Genome-wide association studies have been conducted to identify genetic variations among P falciparum parasites that can be linked to variations in drug resistance.

Recent studies have revealed genetic markers linked to resistance to artemisinin (K13) and mefloquine (Pfmdr1), but, until now, markers for resistance to other combination drugs had not been identified.

Plasmepsin genes

In the first study, Didier Ménard, PhD, of the Institut Pasteur in Phnom Penh, Cambodia, and his colleagues found that amplification of plasmepsin genes in the P falciparum genome was linked to piperaquine resistance.

The investigators first analyzed artemisinin-resistant, Cambodian P falciparum parasite lines, comparing the exomes of lines that were piperaquine-susceptible and those that were piperaquine-resistant.

The team said this revealed an increased copy number of the plasmepsin 2-plasmepsin 3 gene cluster as a putative genetic signature associated with piperaquine resistance.

The investigators then confirmed their findings in a set of 725 P falciparum parasites collected from patients across Cambodia since 2009.

Individuals infected with parasites with multiple copies of the plasmepsin 2 gene were, on average, 20.4 times more likely to experience dihydroartemisinin-piperaquine treatment failure.

Furthermore, the geographical distribution and rise in the proportion of parasites with multiple copies of the plasmepsin 2 and 3 genes in Cambodia corresponded with areas that had reported increases in dihydroartemisinin-piperaquine treatment failures in recent years.

“We now know that amplification of the plasmepsin 2 and plasmepsin 3 genes is an important factor in determining how well piperaquine kills malaria parasites,” Dr Ménard said. “A genetic toolkit combining this new marker with markers of artemisinin and mefloquine resistance could be used to track the spread of resistance and provide timely information for containment policies.”

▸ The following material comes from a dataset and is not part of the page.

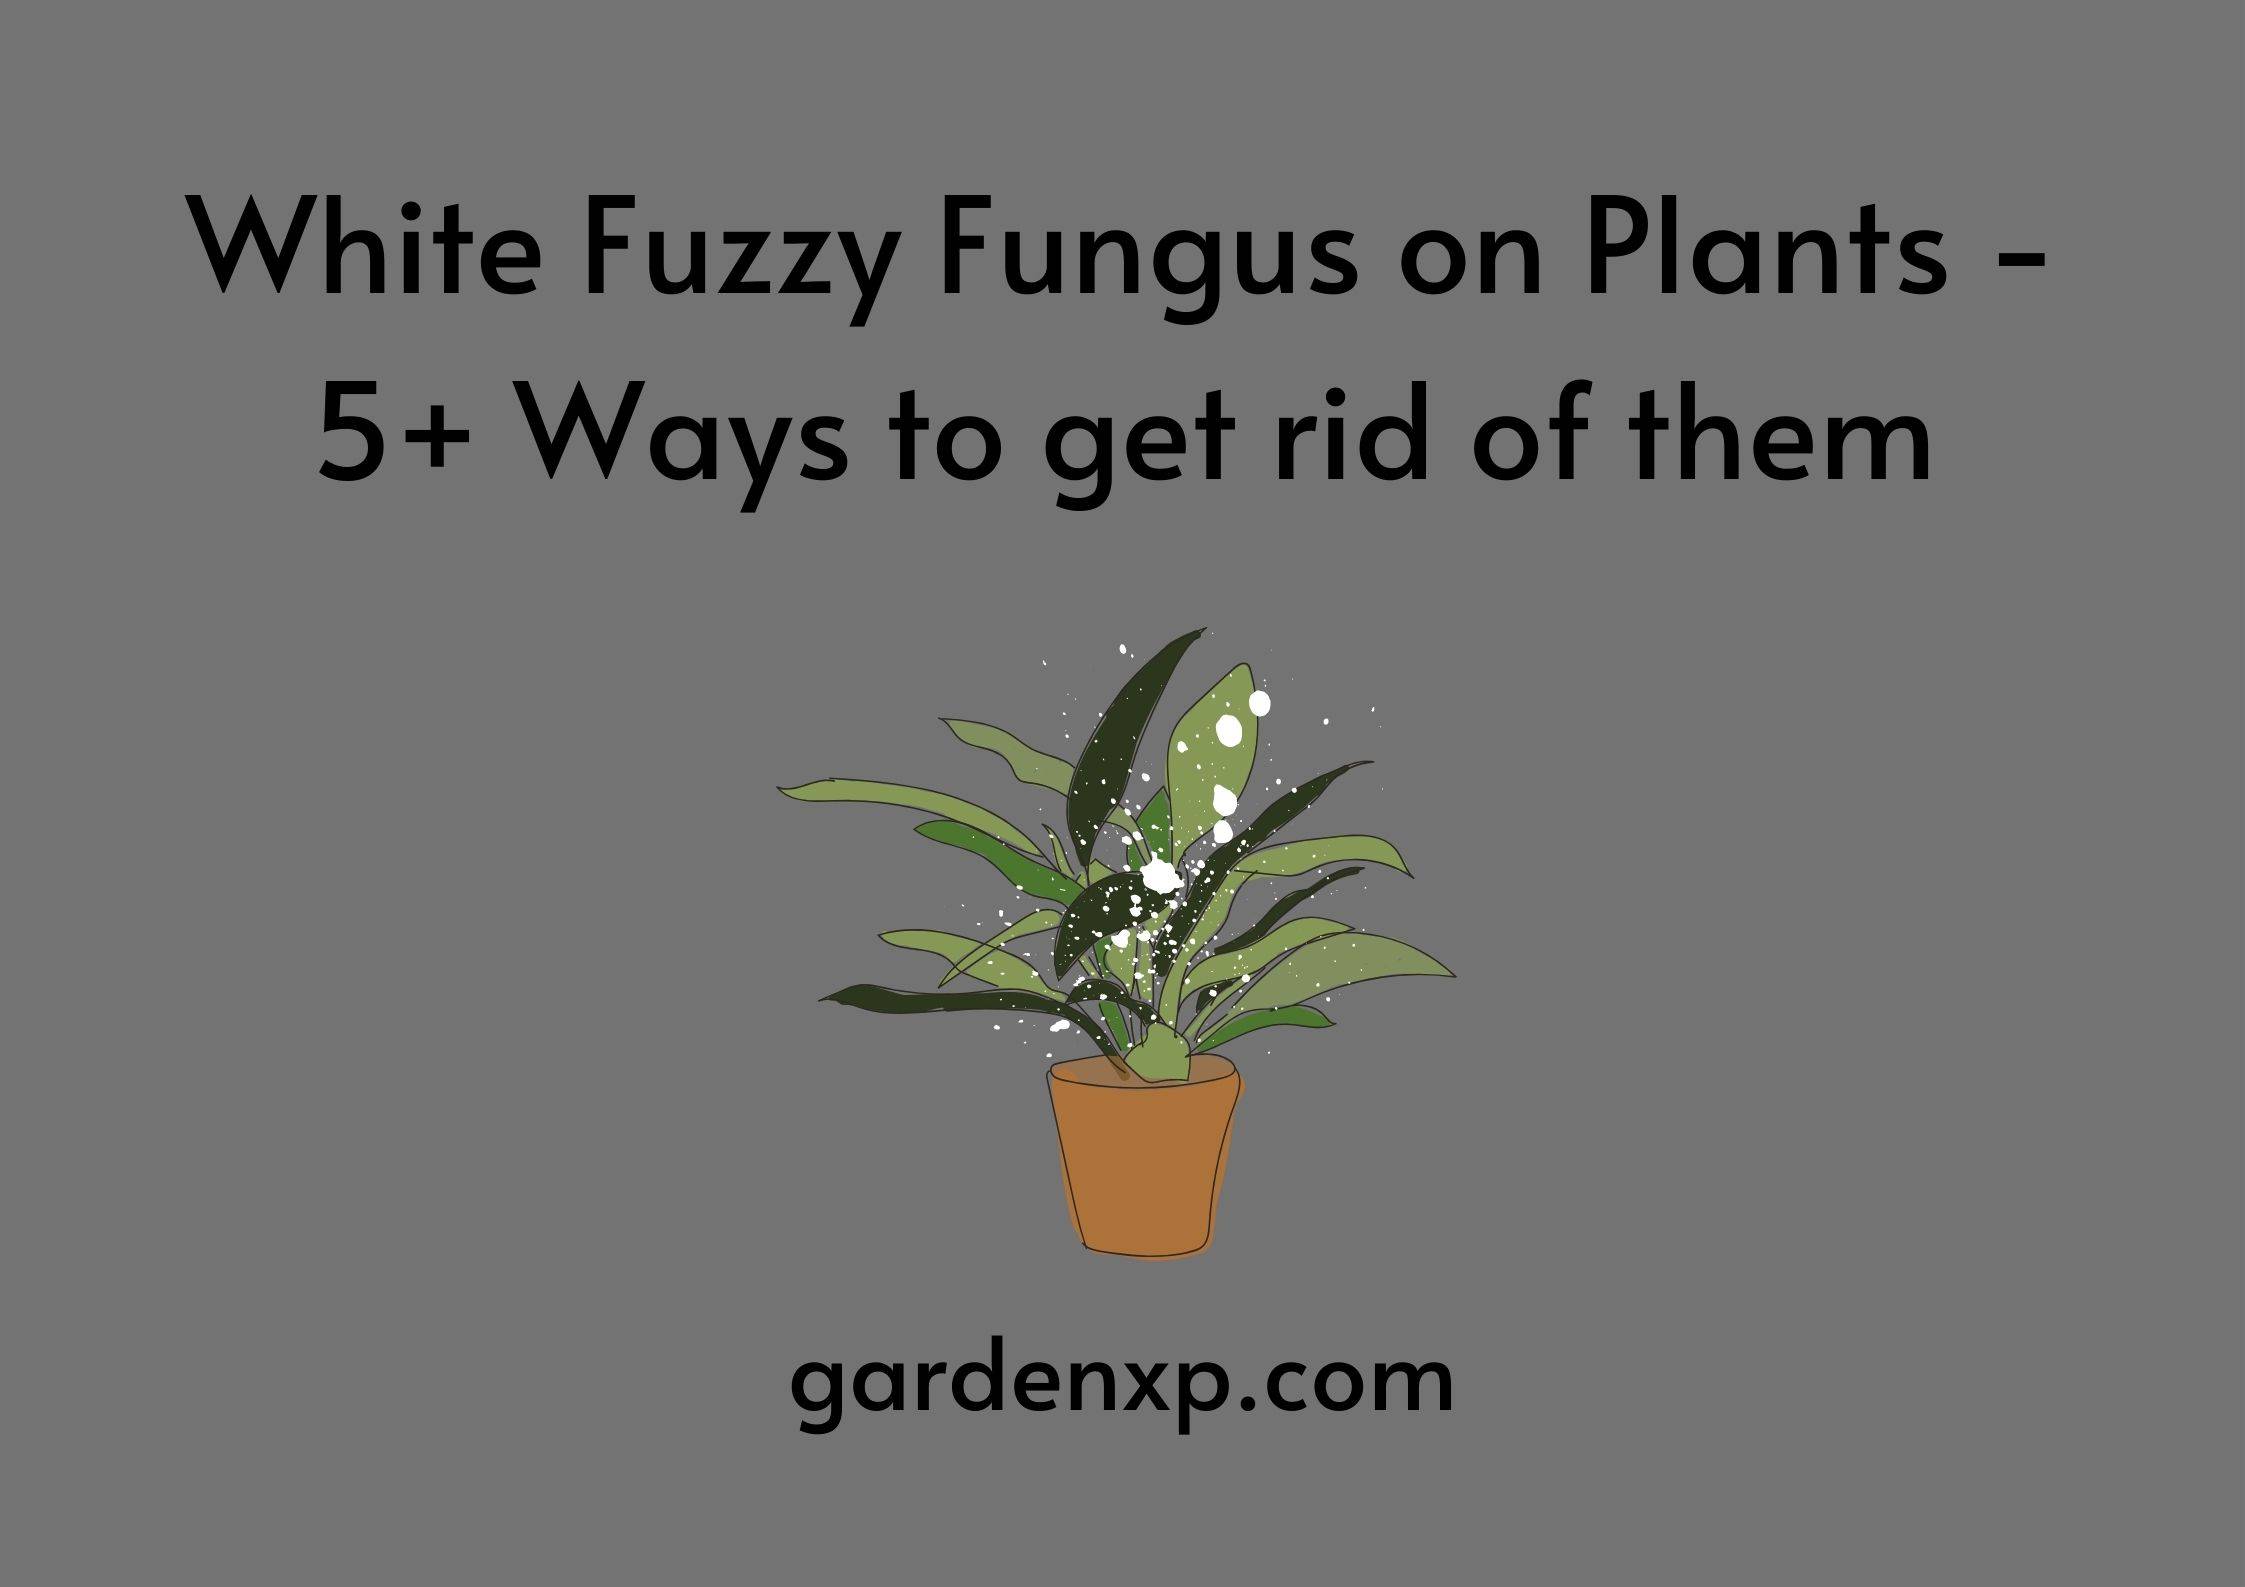 White Fuzzy Fungus on Plants - 5+ Ways to get rid of them

“Piperaquine resistance, although currently confined to Cambodia, is a major concern, because patients suffering malaria are almost untreatable. At present, alternative treatments are scarce, and the reduced cure rates lead to prolonged parasite carriage, increasing the potential of transmitting the resistant parasites and endangering efforts to control and eliminate malaria.”

Exo-E415G variant

The second study was conducted by Rick Fairhurst, MD, of the National Institutes of Health in Bethesda, Maryland, and his colleagues.

The investigators analyzed 486 P falciparum parasites collected between July 9, 2010, and December 31, 2013, from 3 different provinces in Cambodia where artemisinin resistance and dihydroartemisinin-piperaquine treatment failure are common (Pursat), emerging (Preah Vihear), or uncommon (Ratanakiri).

The investigators exposed the parasites to therapeutic levels of piperaquine and measured how well each strain grew. At the same time, they sequenced the entire genome of each parasite.

Parasites were more likely to survive exposure to piperaquine if they had 2 or more copies of the plasmepsin 2 and plasmepsin 3 genes, as well as the exo-E415G variant on chromosome 13.

Similarly, in a further analysis of 133 patient samples, the investigators found that individuals infected with parasites carrying multiple copies of the plasmepsin genes were much more likely to fail treatment with dihydroartemisinin-piperaquine, as were individuals who had parasites with the exo-E415G variant.

The team also noted that the prevalence of exo-E415G and plasmepsin 2-3 markers has risen substantially in recent years in Pursat and Preah Vihear, where artemisinin resistance is common and dihydroartemisinin-piperaquine has been the frontline treatment for at least 6 years.

“By surveying the piperaquine resistance marker across Southeast Asia in real-time, we can identify those areas where dihydroartemisinin-piperaquine will not be effective, and this could enable national malaria control programs to immediately recommend alternative therapies, such as artesunate-mefloquine,” Dr Fairhurst said.

“This approach will be crucial to eliminating multidrug-resistant parasites in Southeast Asia before they spread to sub-Saharan Africa, where most of the world’s malaria transmission, illness, and death occur.”